Nutritional products company Herbalife Ltd. posted
adjusted quarterly profit that blew past expectations and raised its full-year
profit forecast, fueled by strong demand around the world.
Herbalife, the subject of a battle between hedge fund titans Carl Icahn and Bill
Ackman, said on April 29 that its net income was $118.9 million, or $1.10 per
share, in the first quarter, compared with $108.2 million, or 88 cents per
share, a year earlier.
Excluding a hit from the devaluation of Venezuela's currency and expenses for
defending the company from criticism by Mr. Ackman and other high-profile
investors, Herbalife earned $1.27 a share during the quarter - 20 cents more
than the average of analysts' estimates compiled by Thomson Reuters I/B/E/S.

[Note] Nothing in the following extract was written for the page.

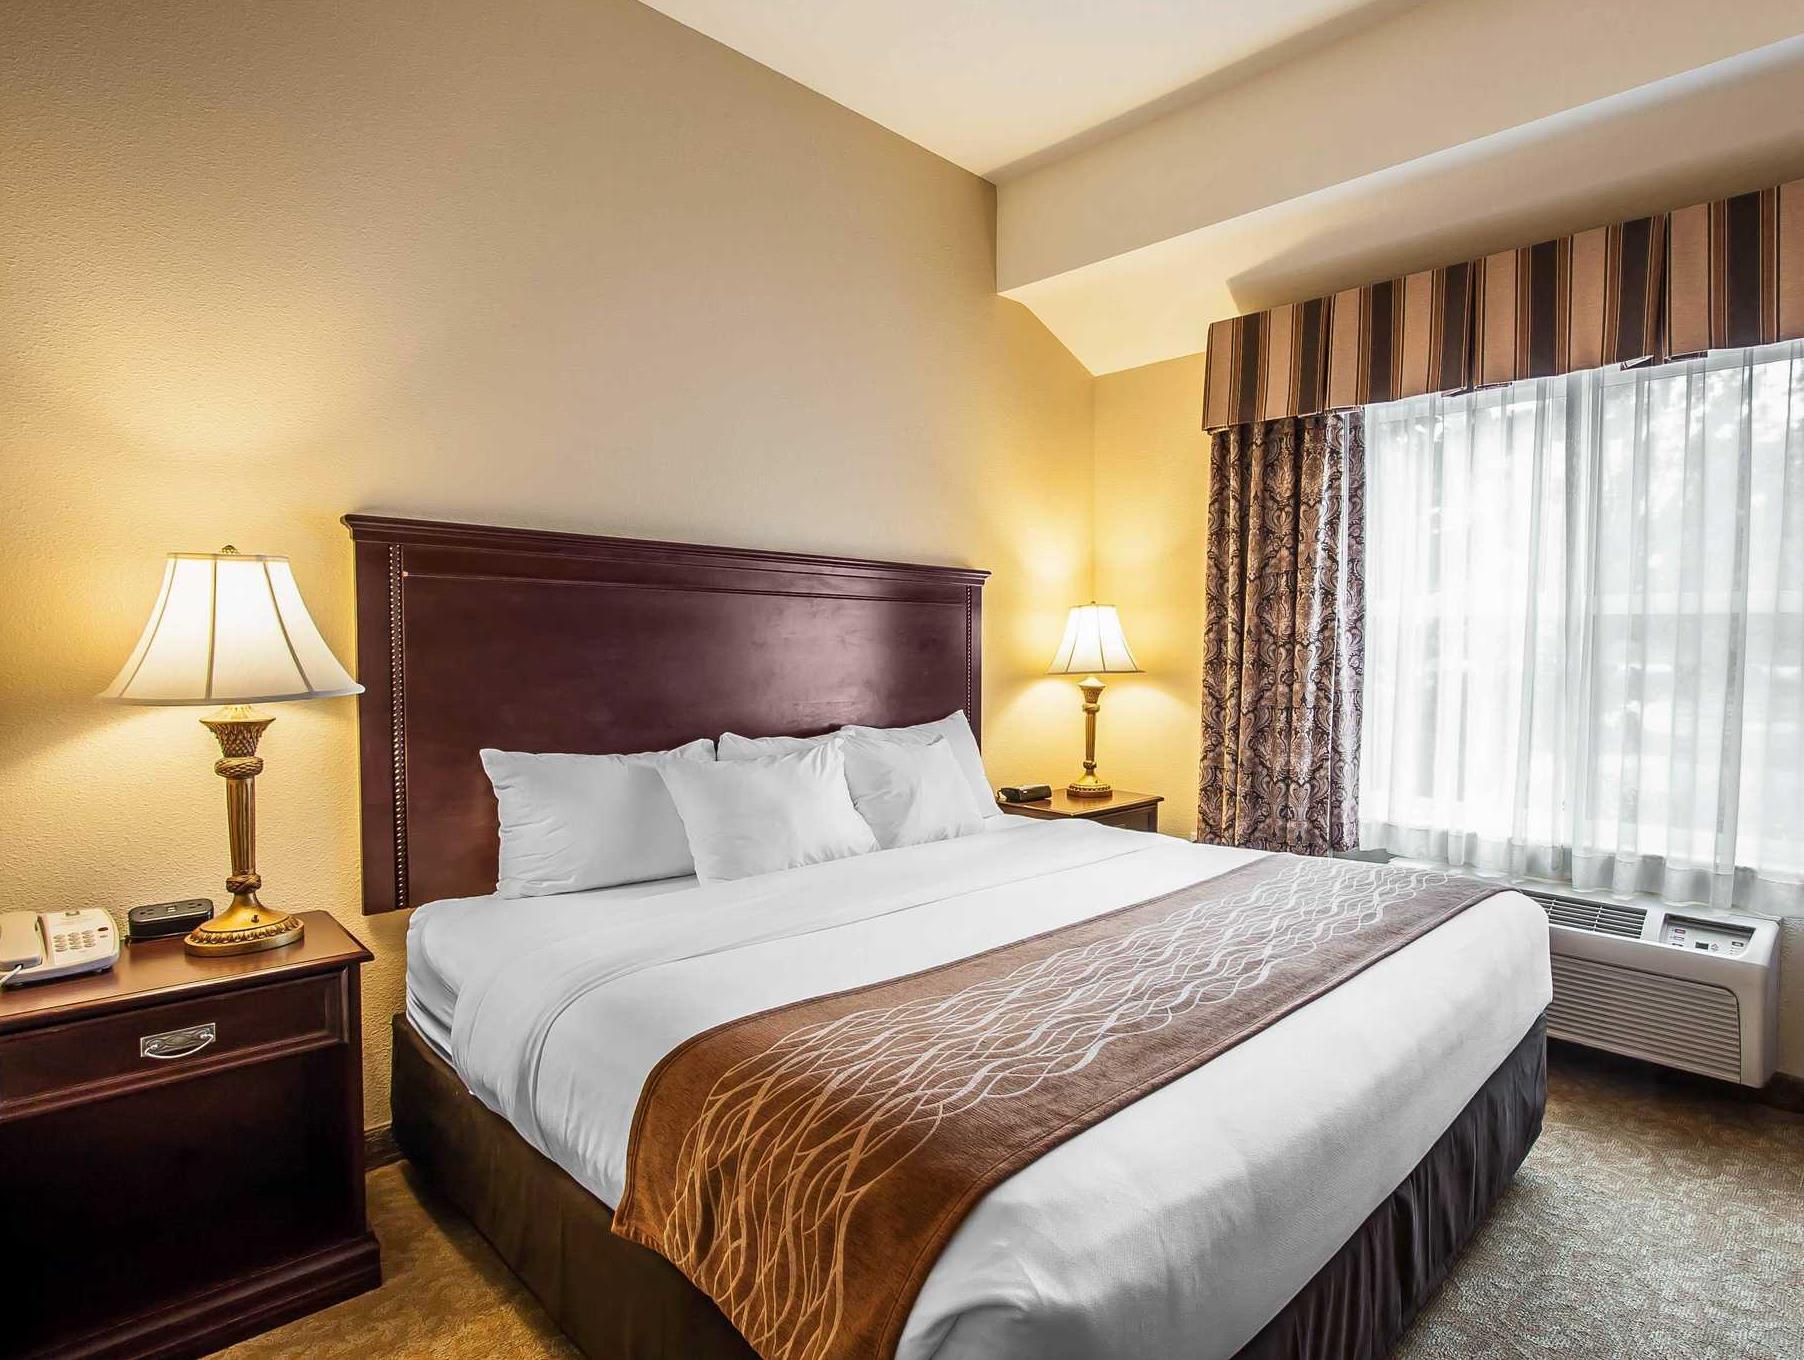 mcminnville inn hotels s from comforter ksp leonardo comfort kayak suites dsc image

Net sales rose 17 percent to $1.1 billion.
The Los Angeles-based company also raised its 2013 forecast for adjusted
earnings per share to a range of $4.60 to $4.80 from $4.45 to $4.65 previously.
Herbalife is a "multi-level marketer" whose products are sold through a network
of independent individuals. Mr. Ackman, whose Pershing Square Capital has a $1
billion bet against the company, has called it "a pyramid scheme" and predicted
that its shares will eventually go to zero.
The company's shares tumbled following the disclosure of Mr. Ackman's short
position last year but then rebounded.
Mr. Icahn has since become a defender of the company, taking a stake in
Herbalife and putting two representatives - Jonathan Christodoro and Keith Cozza
- on the board.
It was later discovered that a senior KPMG auditor for Herbalife was leaking
non-public information about the company in exchange for money, forcing the firm
to resign from Herbalife's service. The company also disclosed in February that
its operations have been the subject of an inquiry by the U.S. Securities and
Exchange Commission's Division of Enforcement since late last year.
Shares in Herbalife, which closed 1.3 percent higher at $38.75, edged up 0.3
percent to $38.85 in extended trading.